Angela Merkel, who served as chancellor of Germany for 16 years, will release her political memoirs in 2024.
Her publisher announced Thursday that the former chancellor, who is co-authoring the book with her longtime adviser Beate Baumann, will provide an exclusive, personal look into her political life and work.
“I am pleased to reflect on central decisions and situations of my political work in my book ... and make them understandable to a broad public, also with recourse to my personal biography," the ex-chancellor said in a note released by publisher Kiepenheuer & Witsch.
Merkel, 68, steered Germany safely through a succession of crises including the global financial crisis, the migrant crisis and the coronavirus pandemic.

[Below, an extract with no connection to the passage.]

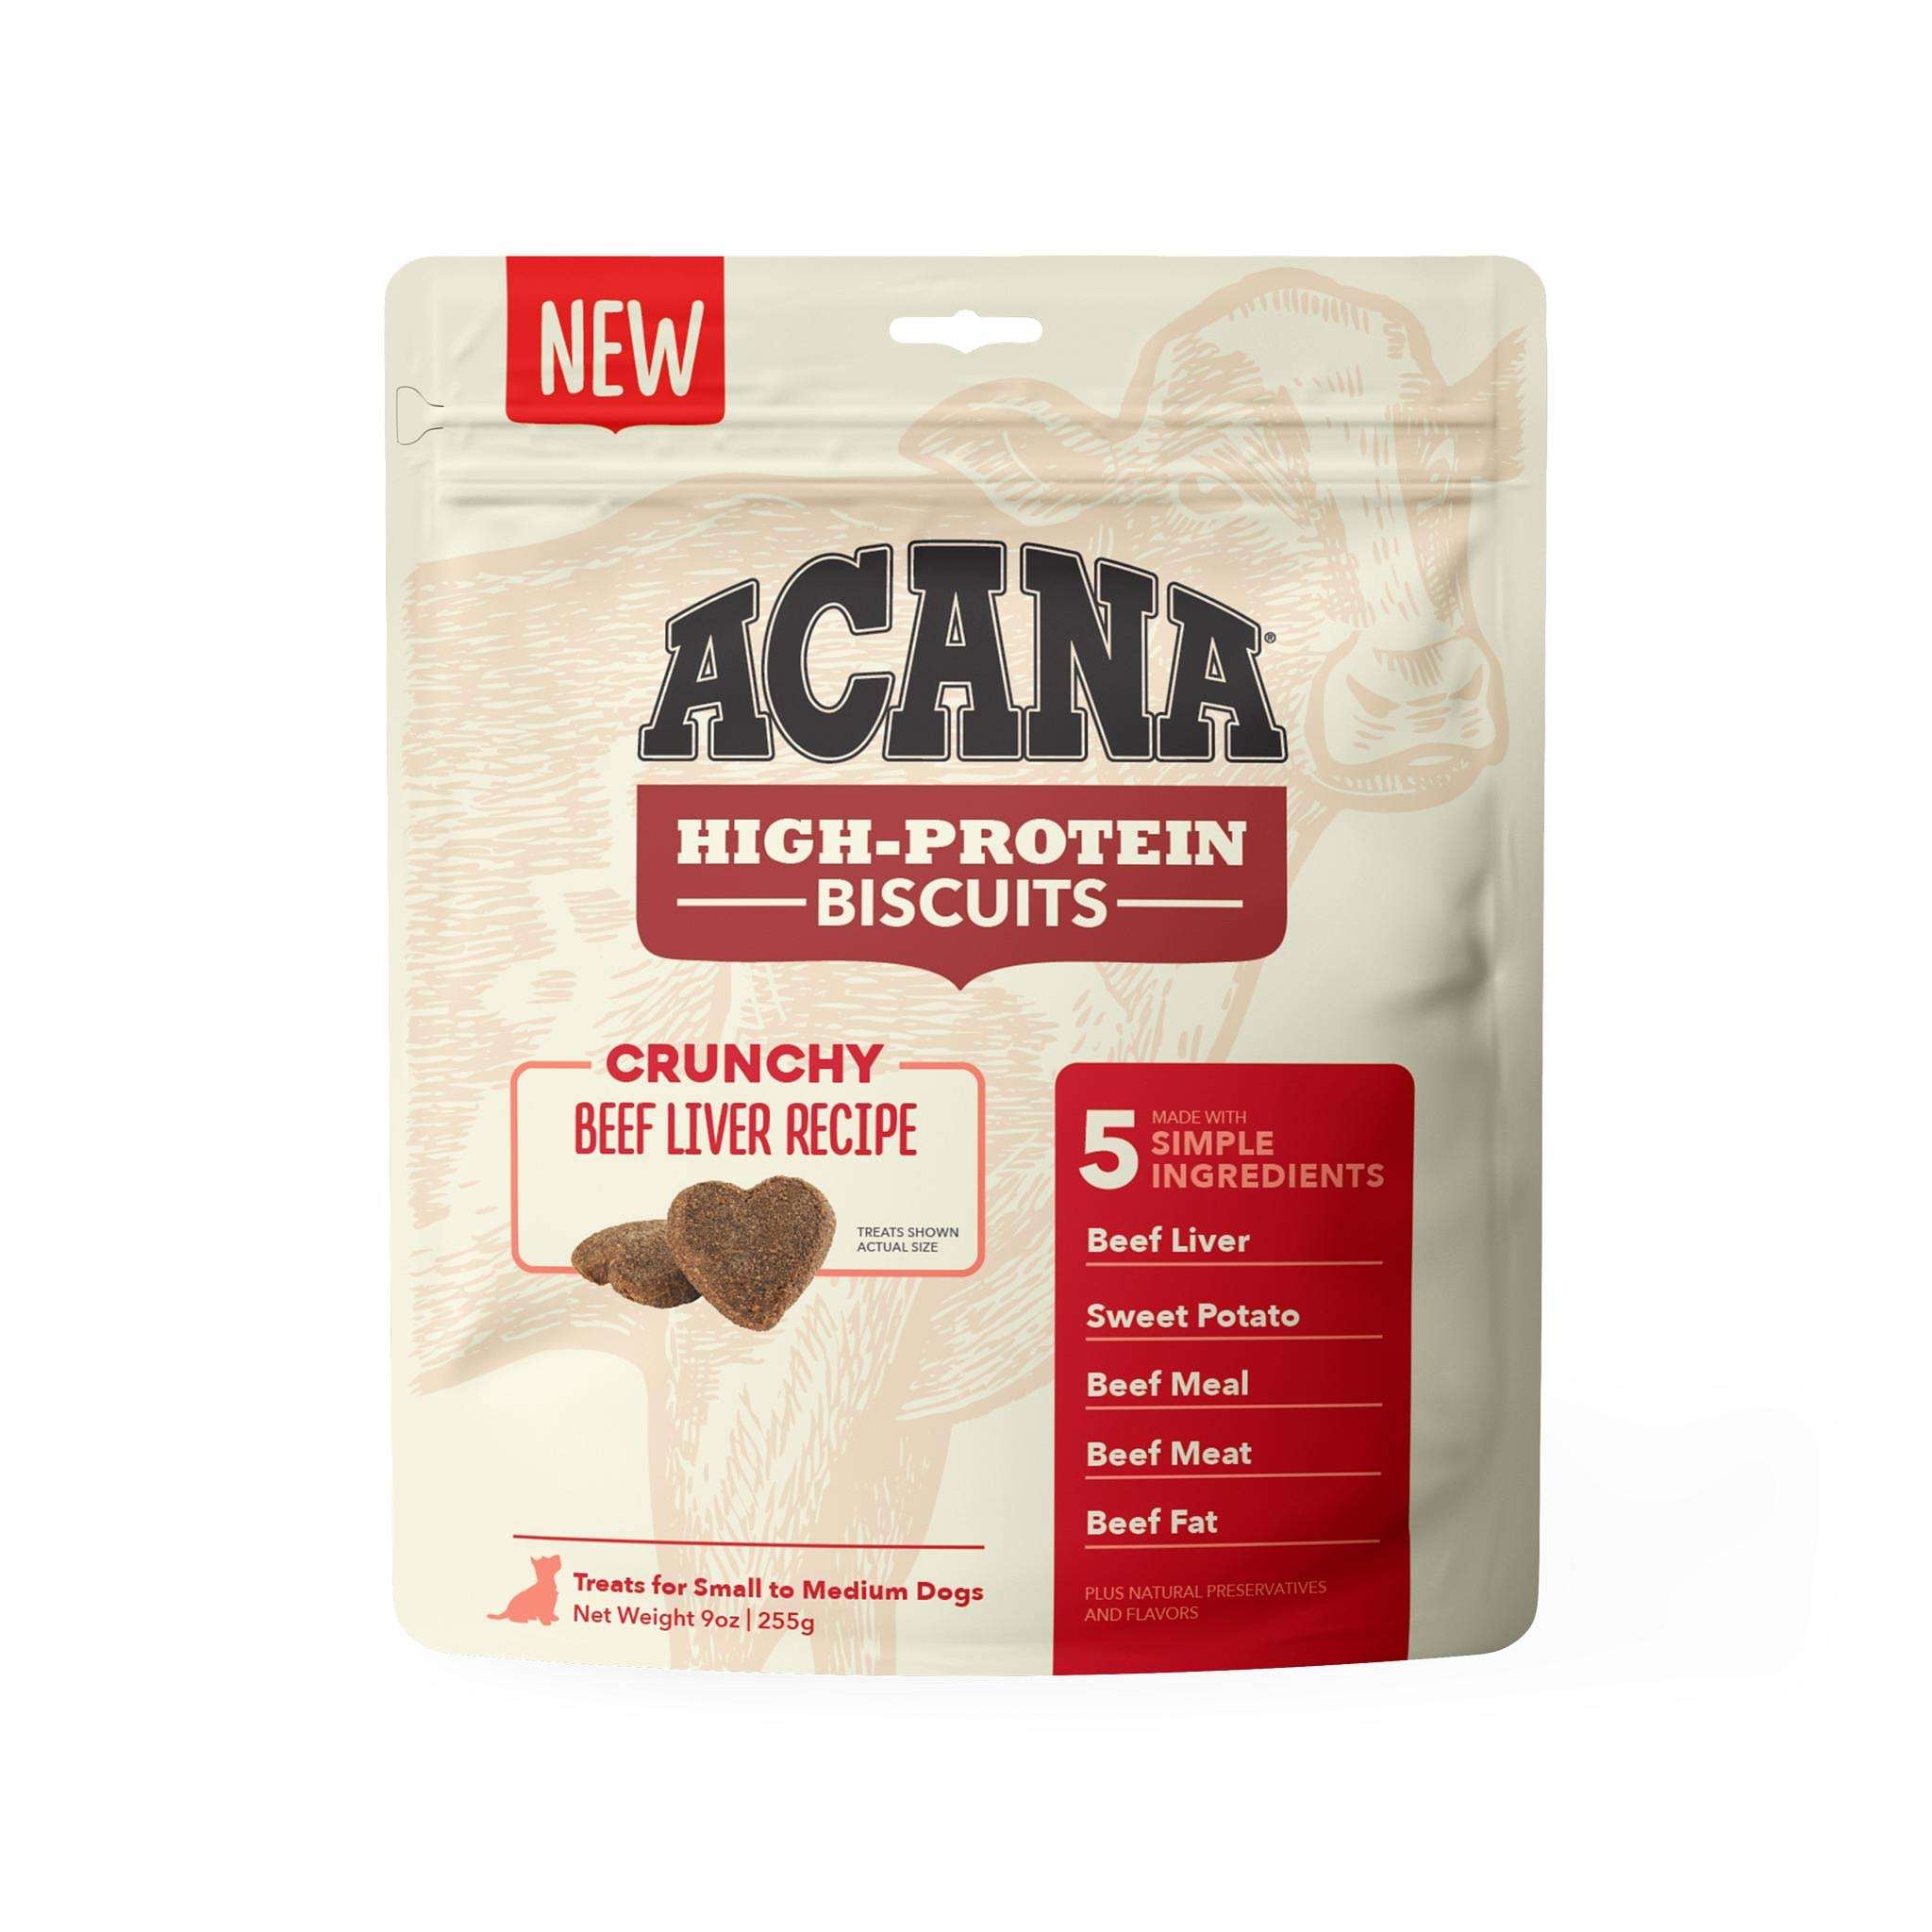 ACANA High Protein Biscuits 9oz Dog Treats Beef Liver / Small

Looking back at her chancellorship shortly after she left office, she said that while the 16 years in office had fulfilled her, they had also been challenging because of the constant need to pay attention to, prevent, or react to crises.
Merkel, a former scientist who grew up in former communist East Germany, became Germany’s first female chancellor on Nov. 22, 2005.

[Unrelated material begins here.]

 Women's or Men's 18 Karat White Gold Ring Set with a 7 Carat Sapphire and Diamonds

Named “The World’s Most Powerful Woman” by Forbes magazine for 10 years in a row, Merkel has been cast as a powerful defender of liberal values in the West. Millions of women admire her for breaking through the glass ceiling of male dominance in politics, and she’s been lauded as an impressive role model for girls.
However, since Russia's brutal invasion of Ukraine in February, the former chancellor has also been accused of appeasing and engaging too closely with Russian President Vladimir Putin. She has rejected that criticism saying she always tried to work toward calamity being averted.